● **Data**:
###

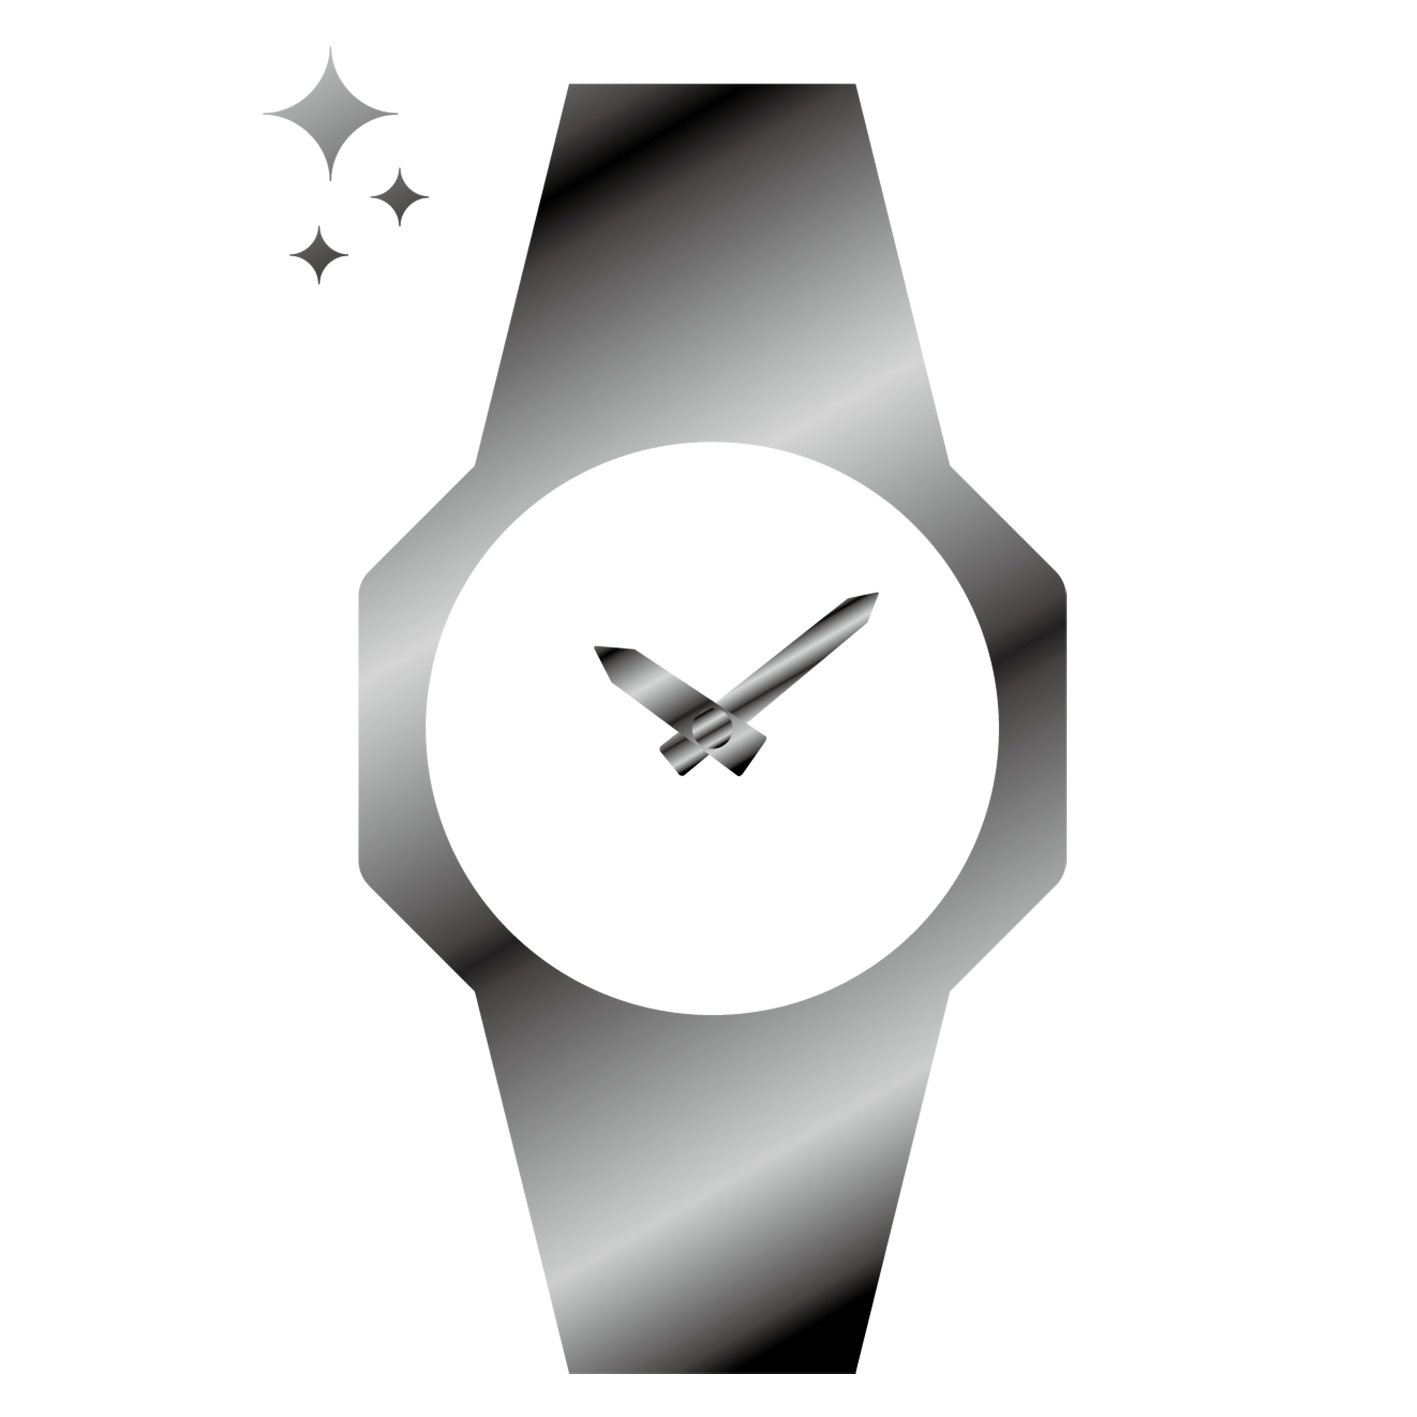 オシアナス OCW-T2600J-1AJF【国内正規品】【ノベルティ付・ｷﾞﾌﾄ包装無料】OCEANUS 電波 ソーラー メンズ 腕時計画像
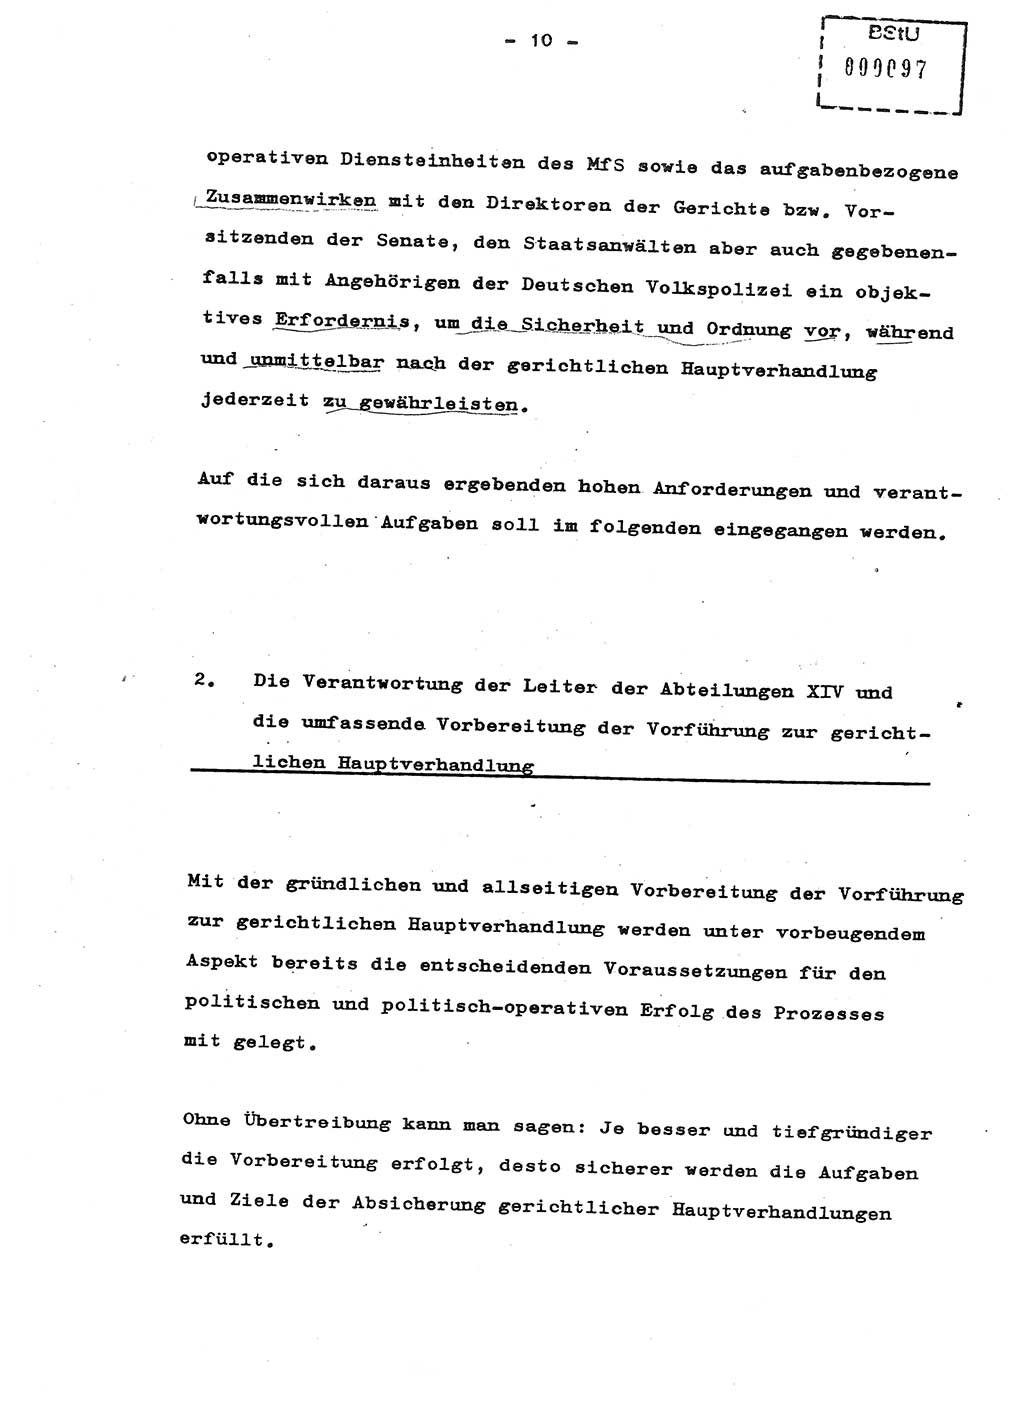 Schulungsmaterial Exemplar-Nr.: 8, Ministerium für Staatssicherheit [Deutsche Demokratische Republik (DDR)], Abteilung (Abt.) ⅩⅣ, Berlin 1987, Seite 10 (Sch.-Mat. Expl. 8 MfS DDR Abt. ⅩⅣ /87 1987, S. 10)
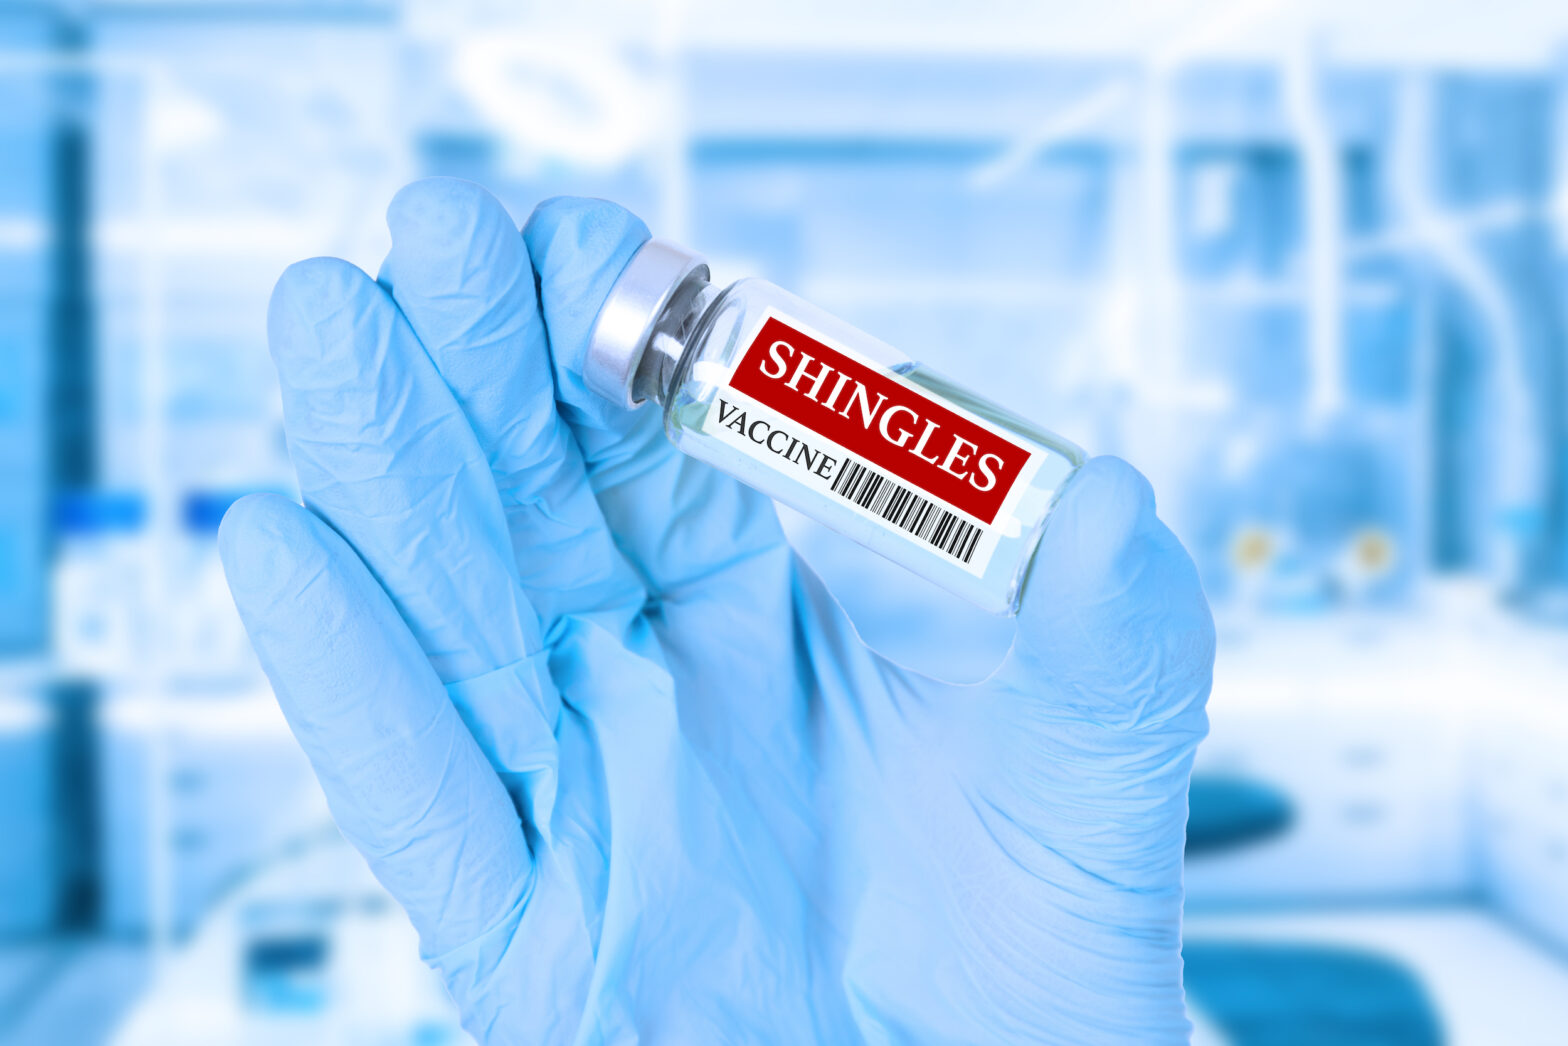 Sheridan Medical Center - Shingle vaccine

###

● **Assigned task**: Restate each line of the material word for word, skipping any picture.

● **Result of the exercise**:
 オシアナス OCW-T2600J-1AJF【国内正規品】【ノベルティ付・ｷﾞﾌﾄ包装無料】OCEANUS 電波 ソーラー メンズ 腕時計画像
 Schulungsmaterial Exemplar-Nr.: 8, Ministerium für Staatssicherheit [Deutsche Demokratische Republik (DDR)], Abteilung (Abt.) ⅩⅣ, Berlin 1987, Seite 10 (Sch.-Mat. Expl. 8 MfS DDR Abt. ⅩⅣ /87 1987, S. 10)
 Sheridan Medical Center - Shingle vaccine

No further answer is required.